Top of Entries shown

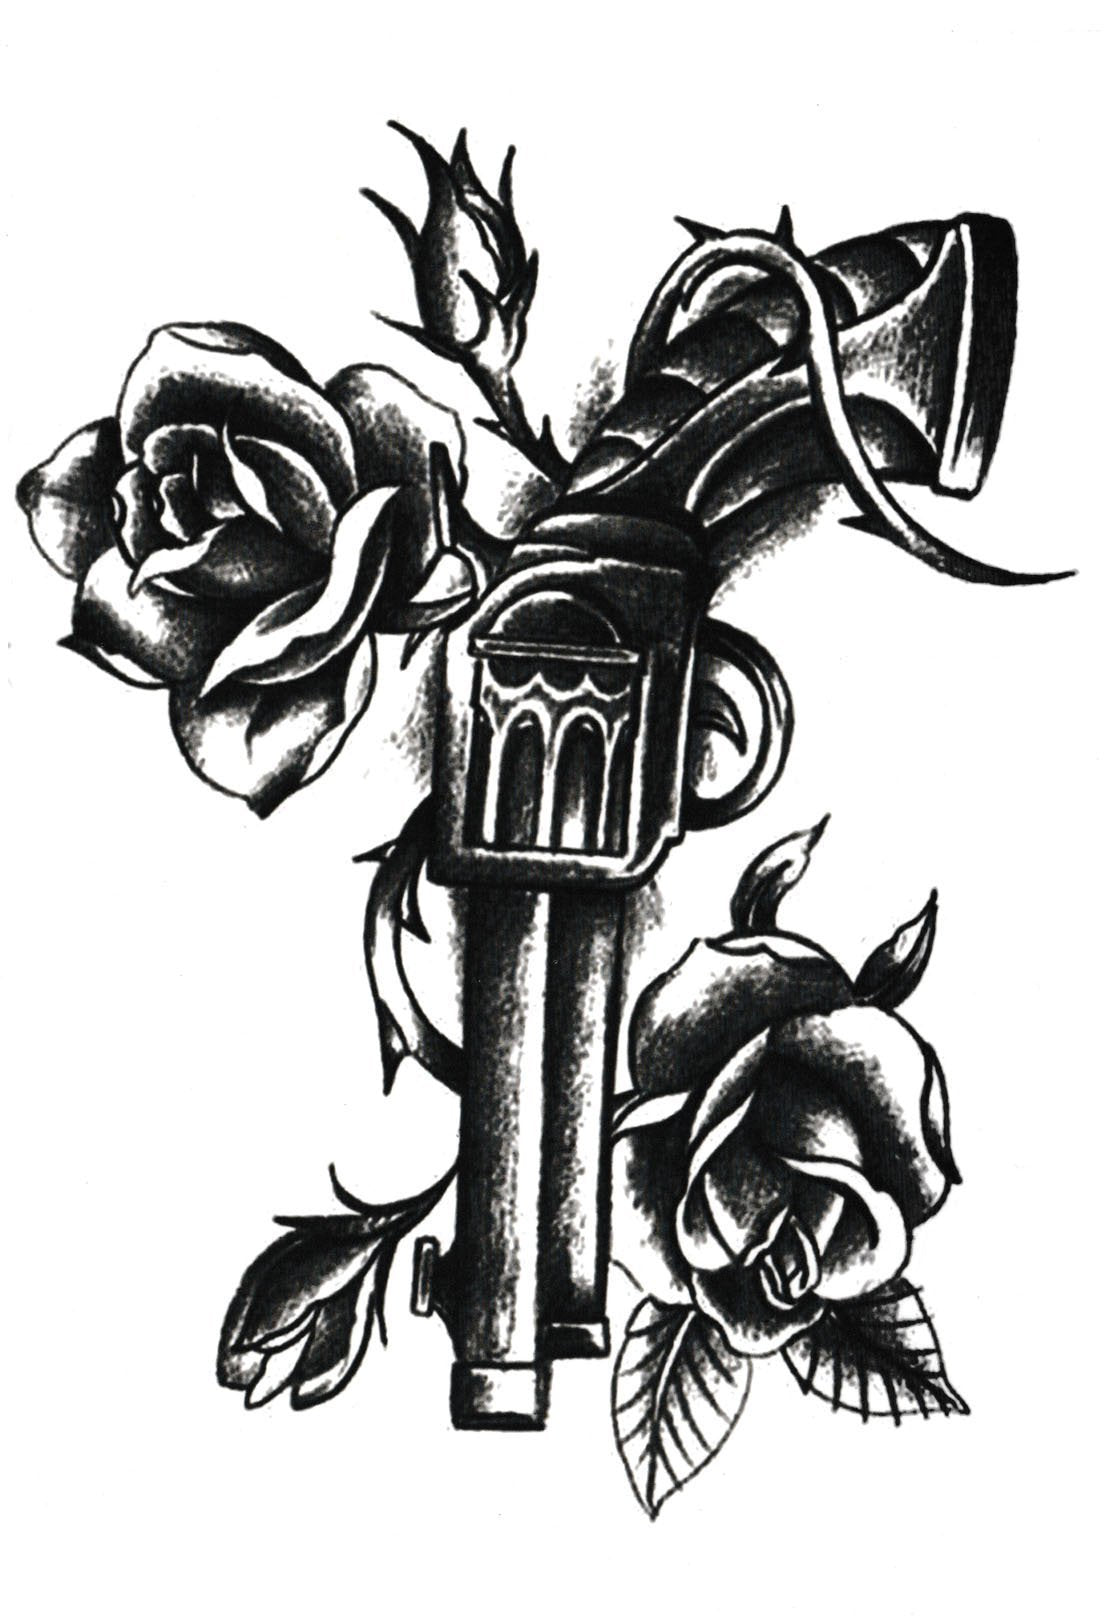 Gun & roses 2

Bottom of Entries shown
Top of Entries shown

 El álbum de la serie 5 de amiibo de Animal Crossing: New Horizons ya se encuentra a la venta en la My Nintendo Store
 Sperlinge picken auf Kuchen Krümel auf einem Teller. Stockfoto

Bottom of Entries shown

Given the records above, return exactly the lines starting at the line containing "El álbum de" and ending at the line containing "Sperlinge picken auf", including both.

Output of the task:
 El álbum de la serie 5 de amiibo de Animal Crossing: New Horizons ya se encuentra a la venta en la My Nintendo Store
 Sperlinge picken auf Kuchen Krümel auf einem Teller. Stockfoto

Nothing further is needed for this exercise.